Generative AI isn’t just a fun trend, it’s a powerful and proven marketing tool that can help companies increase revenue even during times of economic uncertainty. Recently, Persado Co-Founder and COO Assaf Baciu joined Deborah Weinswig, CEO and Founder of Coresight Research, to discuss retail challenges, the problem of digital noise, and how AI-generated personalized marketing can help businesses win the holiday season (and any season for that matter).
Here are the biggest takeaways from their conversation:
Retailers face macro and secular headwinds in 2023
2022 was a challenging year for businesses as they faced inflation and persistent supply chain issues, among other external factors. As we look to 2023, companies can expect more headwinds in the form of:
- Rising customer acquisition costs: A spike in the cost and decrease in effectiveness of social advertising are driving higher acquisition costs.
- Uncertain macro environment: High inflationary pressure will remain while the U.S. savings rate of 2.3 percent is the lowest since 2005—both could hamper consumer spending.
- Impending death of third-party cookies: Tighter privacy restrictions on consumer data will make it harder for retailers to provide customers with a tailored experience.
Retailers should prepare for a more volatile retail environment and a more cost-conscious customer heading into 2023. As the cost of incremental revenue rises, retailers must act to maintain growth in top and bottom line numbers.
Based on the retailers he’s working with at Persado, Assaf says he has noticed consumers re-evaluating their priorities. For example, items in online shopping carts sit there longer. E-commerce stores are also seeing slightly decreased average order values. And they’re experiencing fewer conversions (completed sales) than expected, which is likely to persist into 2023.
Personalized language can help retailers stand out amid the noise
During the pandemic, companies accelerated their efforts in using digital channels to reach customers. This, combined with the rise in popularity of e-commerce and of language generation technology, has created more “digital noise.”
To cut through the static, brands need to leverage AI-generated personalized marketing language—that is, messaging that is relevant and delivered in a way the customer prefers. Take Amazon, for example. The tech giant is a pioneer in relevancy, using past customer behaviors and order history on the website to make personalized recommendations. However, a relevant product recommendation is just the first step. To make sure recommendations truly land and lead to conversions, brands must also speak to customers as if they know them personally.
AI-generated marketing can help retailers drive better personalization and business impact
Personalization is a well known tactic for driving business impact. Global marketers cite personalization as having a direct and growing effect on driving customer engagement and revenue. Still, they fail to consistently deliver personalized experiences. Why? According to Assaf, many businesses actually invest in modeling or data.
“Consumers don’t experience data,” he says. “they experience content.”
Also, brands have a habit of mixing relevant, personalized content with irrelevant, non-personalized content. Doing so muddies the overall messaging with the customer, leading to subpar returns on the investment in personalization.
Assaf’s advice? Retailers should leverage artificial intelligence (AI) and machine learning (ML) along with first-party data to run multivariate experiments of a marketing message. Doing so will inform how to optimize AI-generated marketing language to personalize it and maximize engagement.
For mid-sized retailers, this can create $20 million to $80 million a year in incremental revenue. Consistently speaking to customers in a manner they prefer has a meaningful impact and, when done right, an immediate return.
Personalization at scale takes experimentation and time
But remember, language personalization requires some time and experimentation to get it right.

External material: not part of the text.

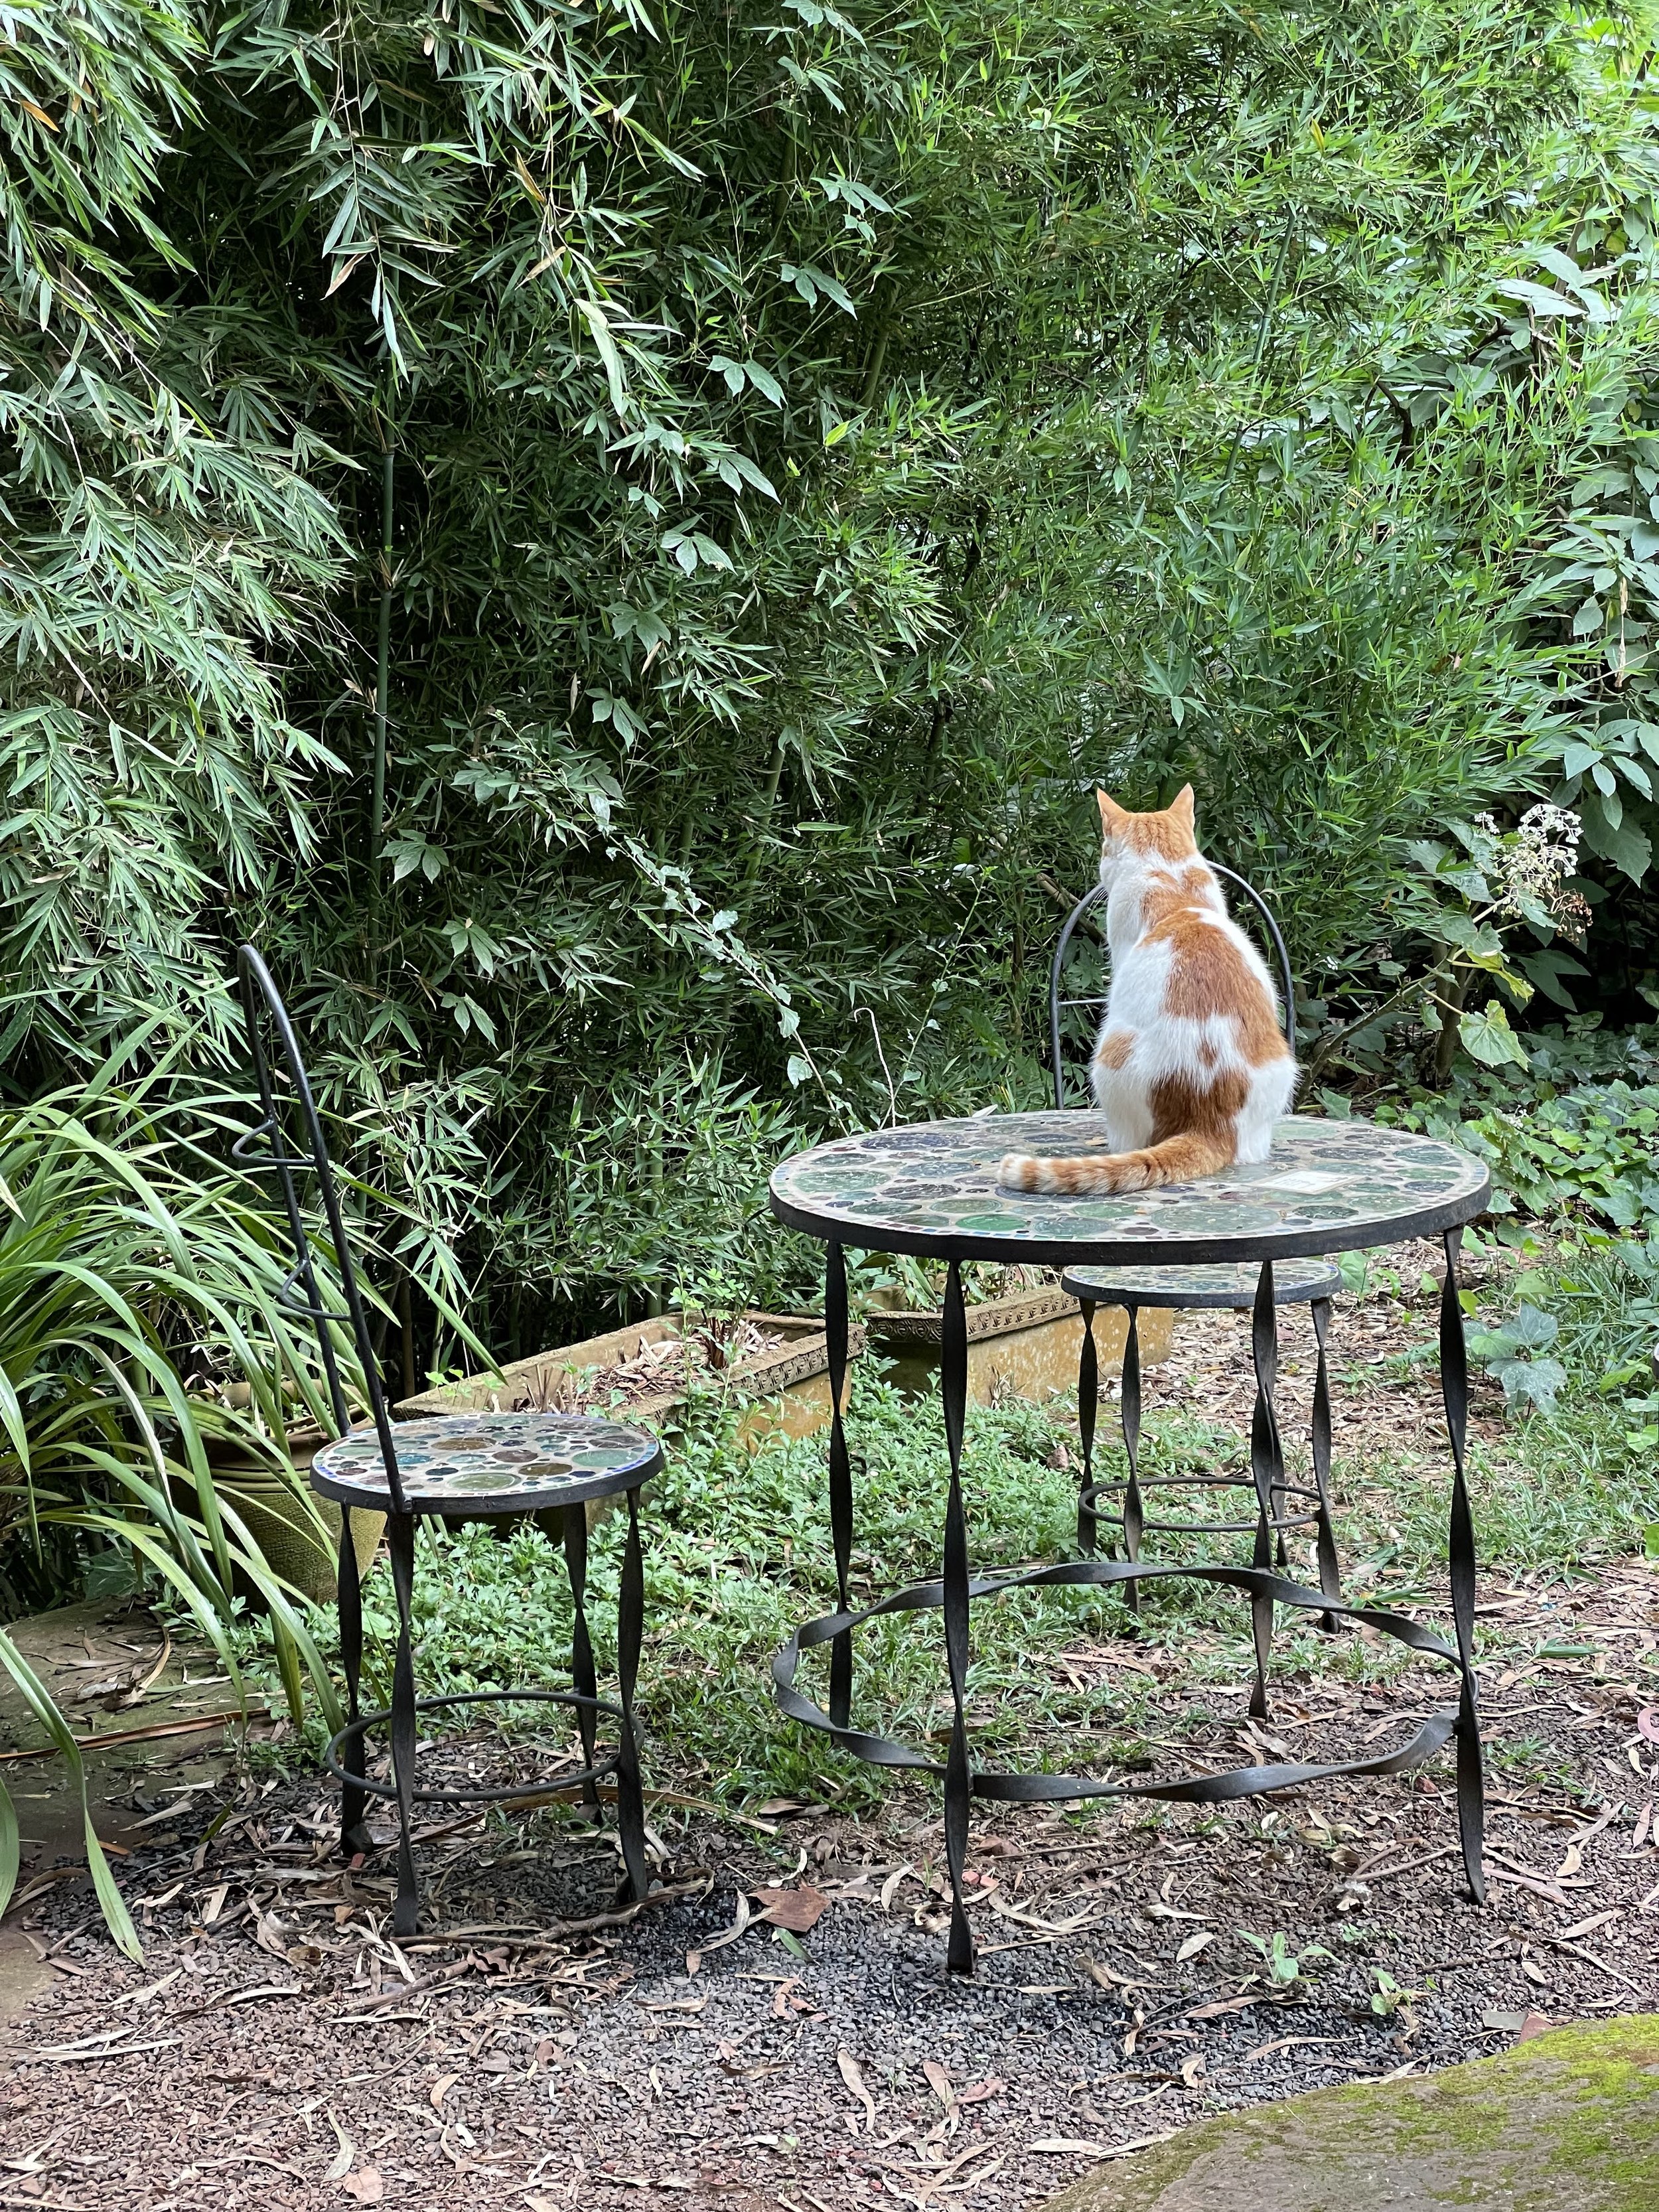 Cat in the Garden
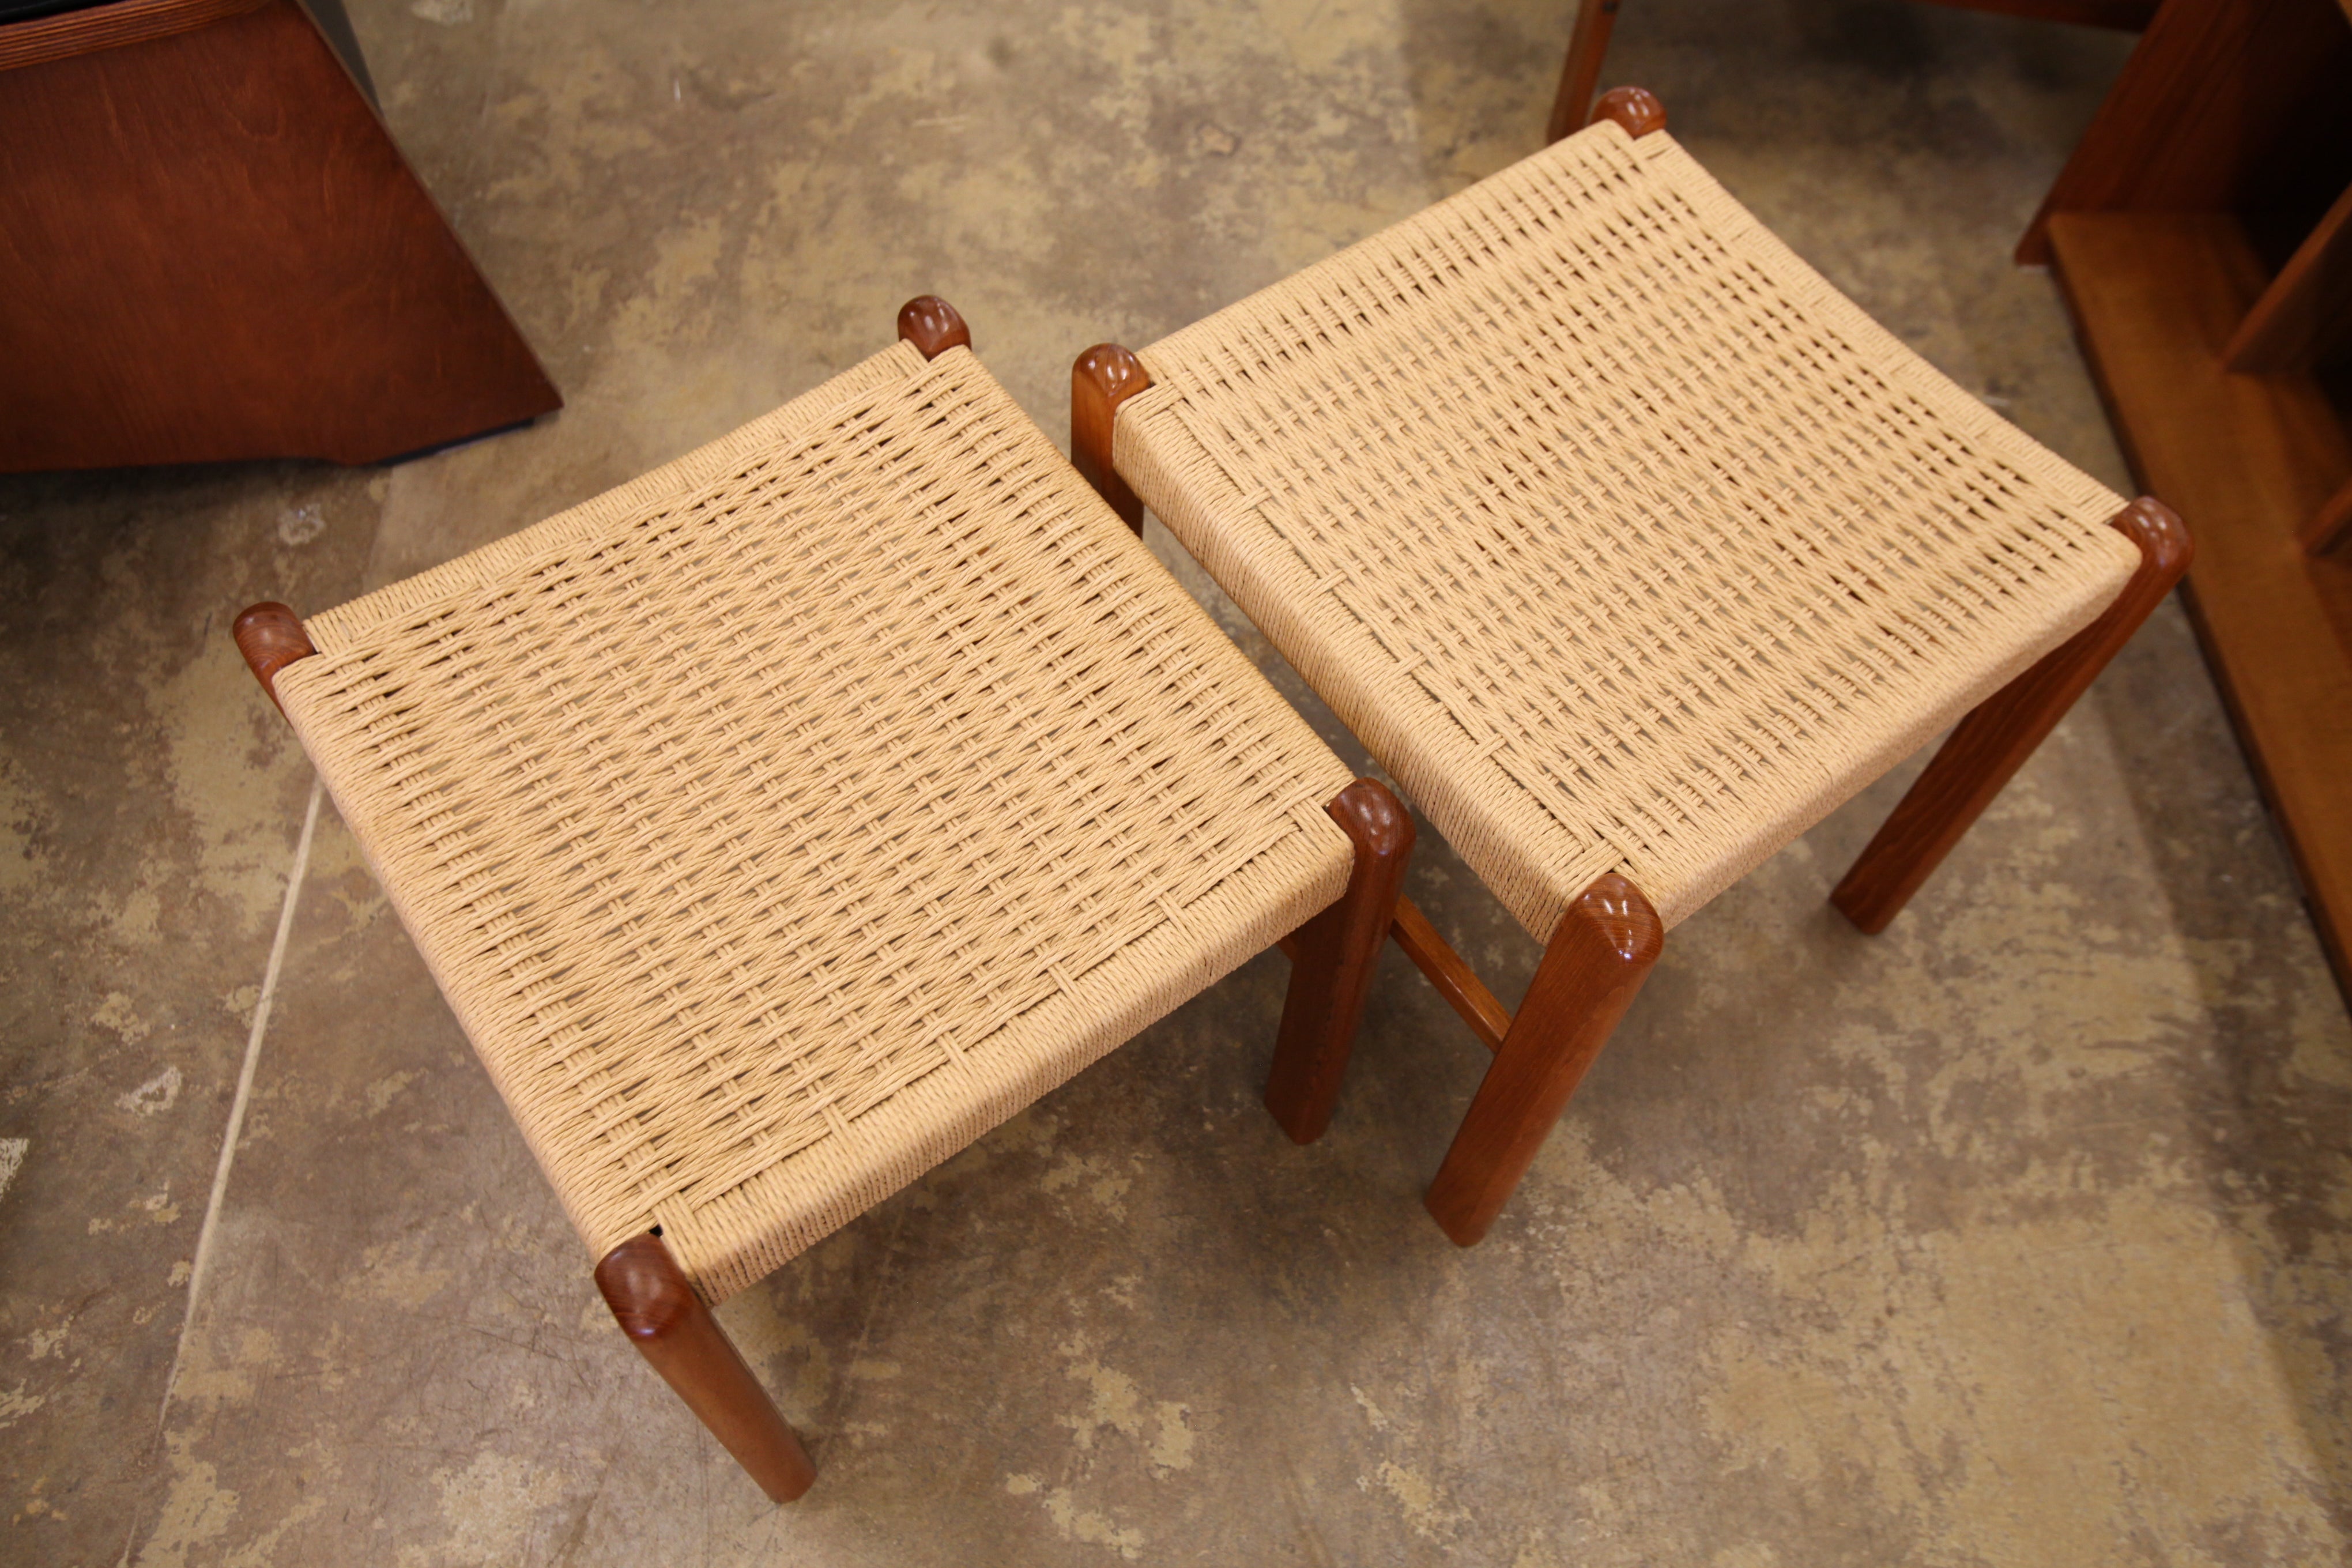 Vintage Lower Teak Paper Cord Footstool (17.25" x 18.25" x 16.5"H)

Luckily, AI crunches data fast, making it easy to change marketing language when something isn’t working. “It’s all about adjusting how you talk to customers continuously. And with generative AI and its capabilities, you can do that at scale,” Assaf says.
Not only that, retailers working with Persado can start benefiting from its generative capabilities and create better performing language within four to five weeks. But for this to happen at scale, Assaf recommends marketers have complete buy-in from executive leadership who can align the entire company on how personalization is key to executing the business’s growth strategy.
Actions for retailers to make their digital marketing more effective
It can be frustrating when the results of digital marketing campaigns don’t turn out as expected. But there are techniques marketers can implement to start getting a desired ROI. These include:
- Emphasize personalized language: Personalize language, not just the offer, to each individual to motivate action and optimize the moment of customer engagement.
- Automate the marketing process: Use AI to create a scalable and sustainable approach to marketing personalization. Leveraging AI/ML-enabled multivariate experiments instead of A/B tests can help in finding optimal messaging.
- Guide personalization with data: Leverage specialized AI platforms that augment first-party data and translate data into actionable marketing insights. Then, analyze KPIs in relation to personalization techniques to understand impacts and identify opportunities.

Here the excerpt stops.